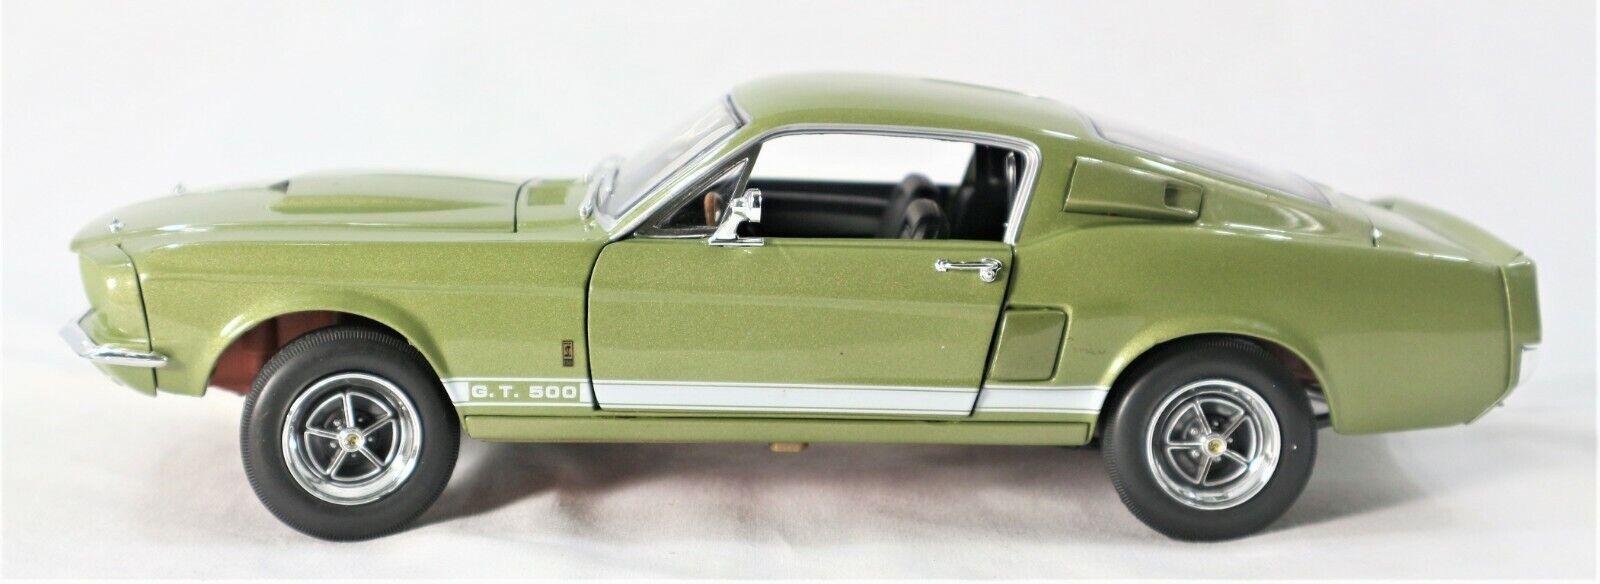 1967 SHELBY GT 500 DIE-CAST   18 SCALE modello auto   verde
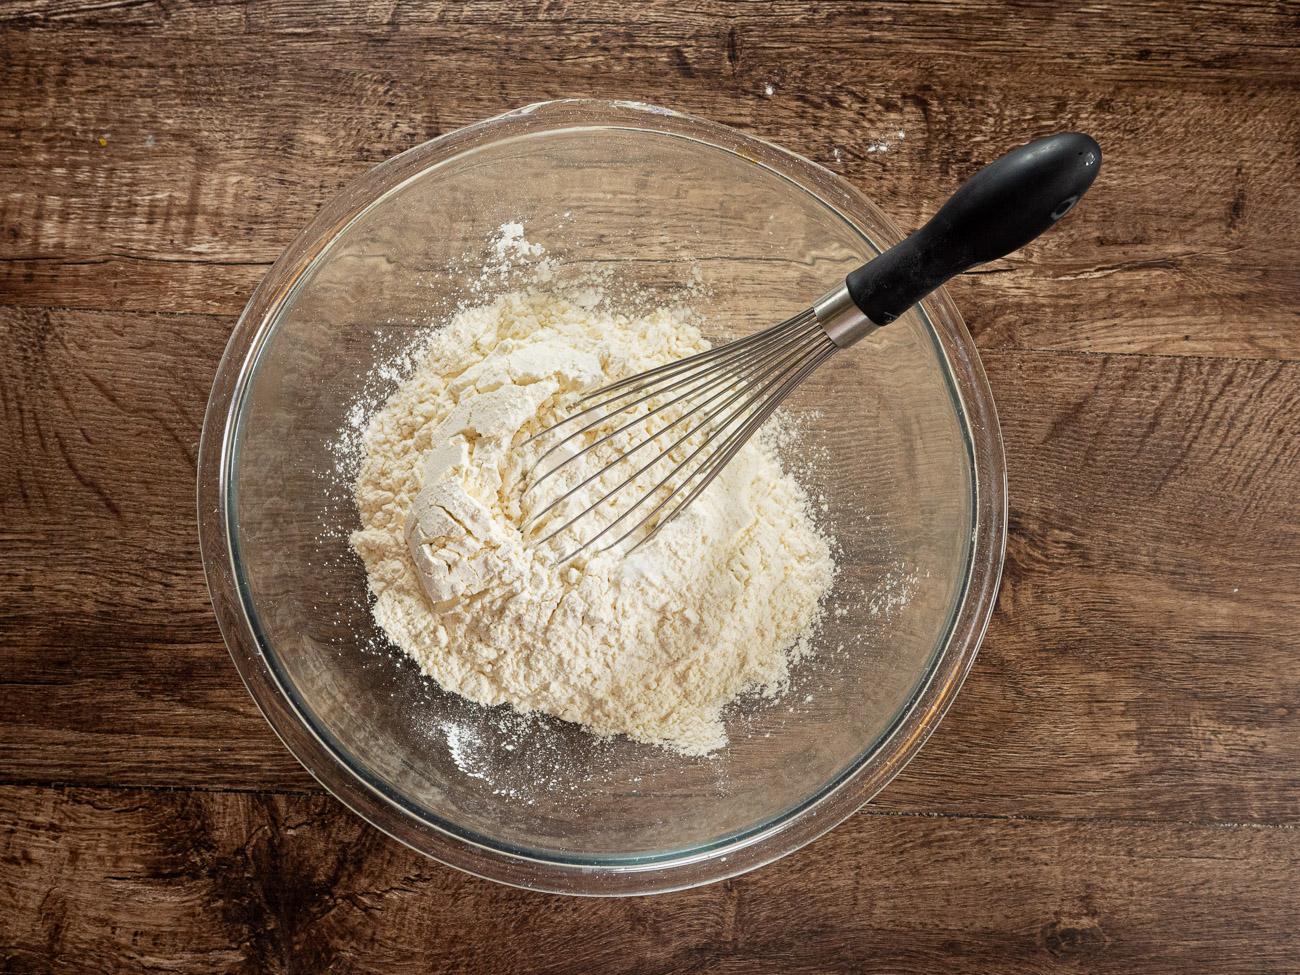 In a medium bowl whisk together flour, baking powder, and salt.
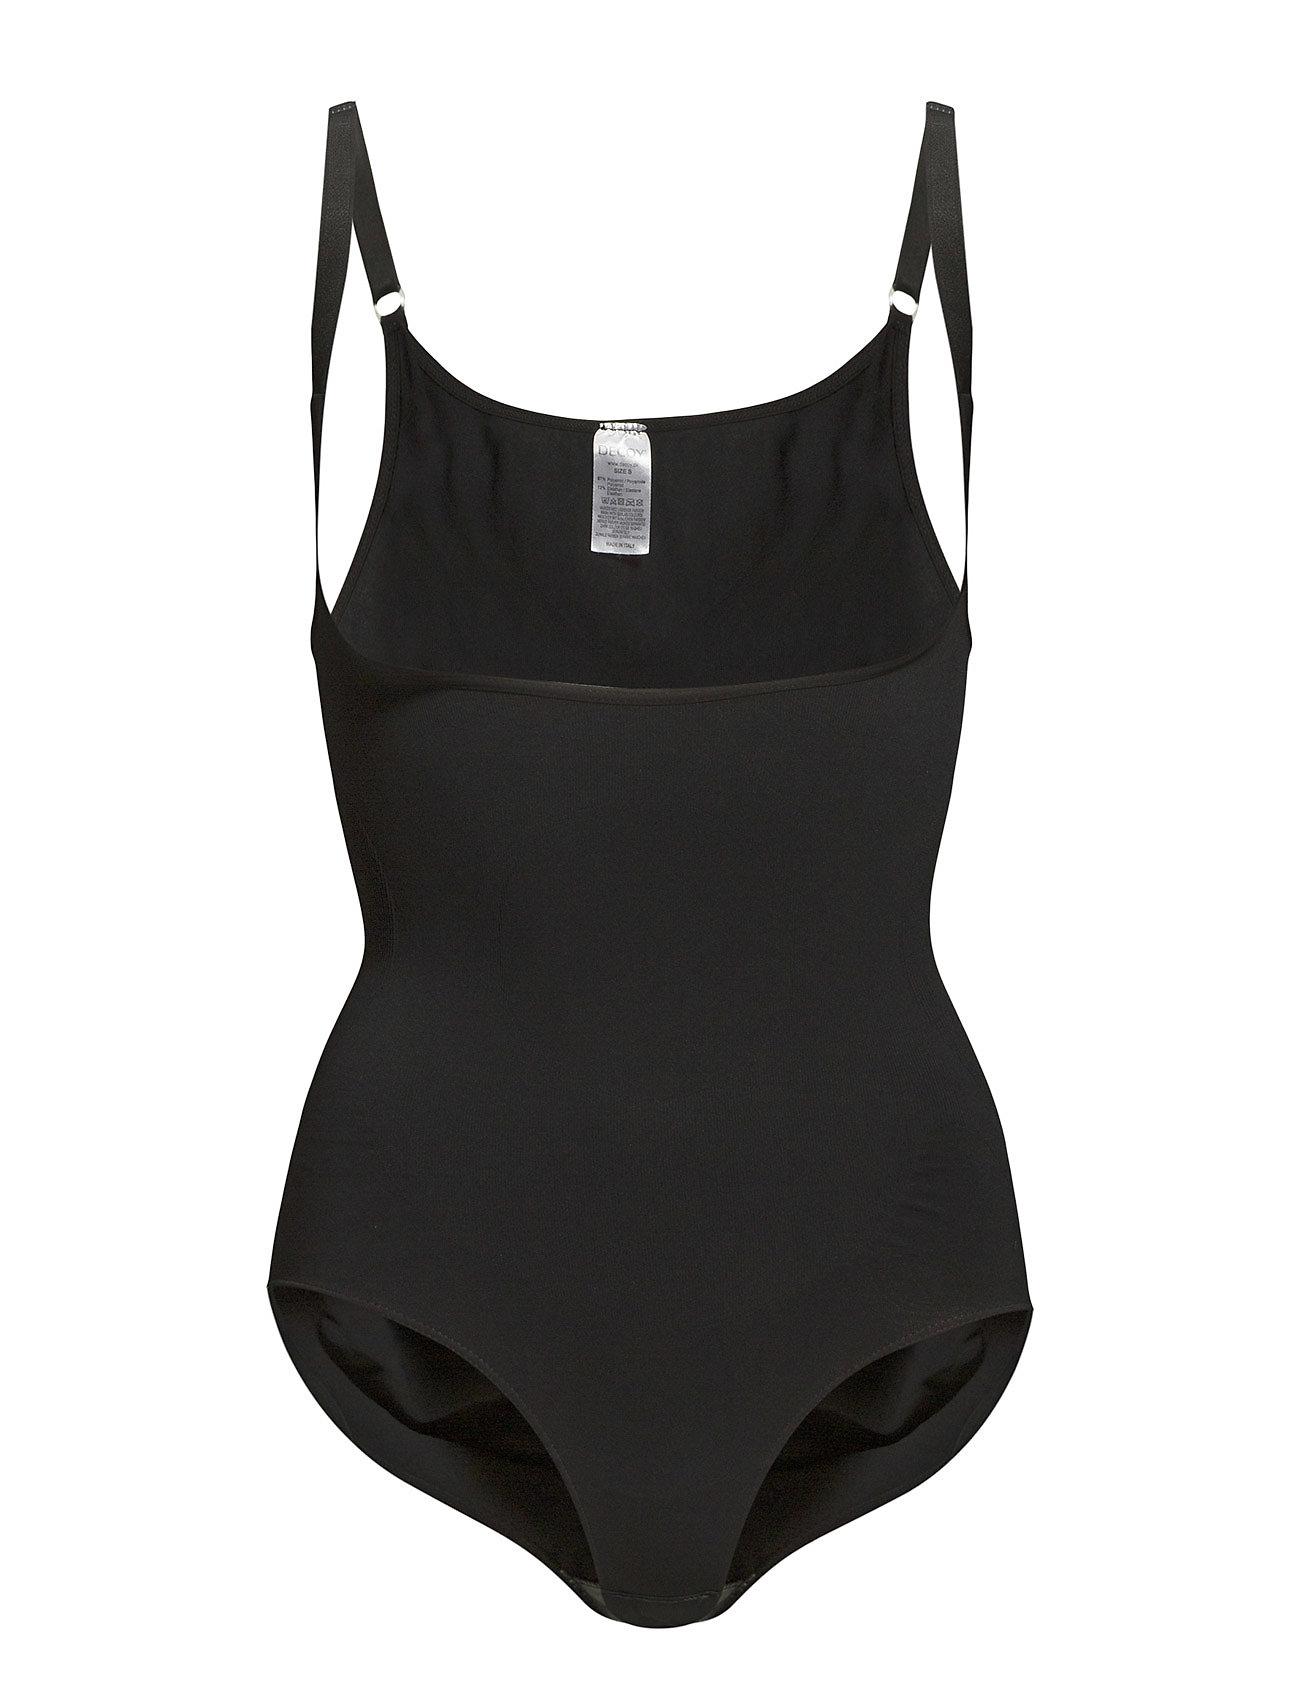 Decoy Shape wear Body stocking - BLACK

= = = =

All of the material above should be written out exactly as given, minus any images.

» Solution below:
 1967 SHELBY GT 500 DIE-CAST   18 SCALE modello auto   verde
 In a medium bowl whisk together flour, baking powder, and salt.
 Decoy Shape wear Body stocking - BLACK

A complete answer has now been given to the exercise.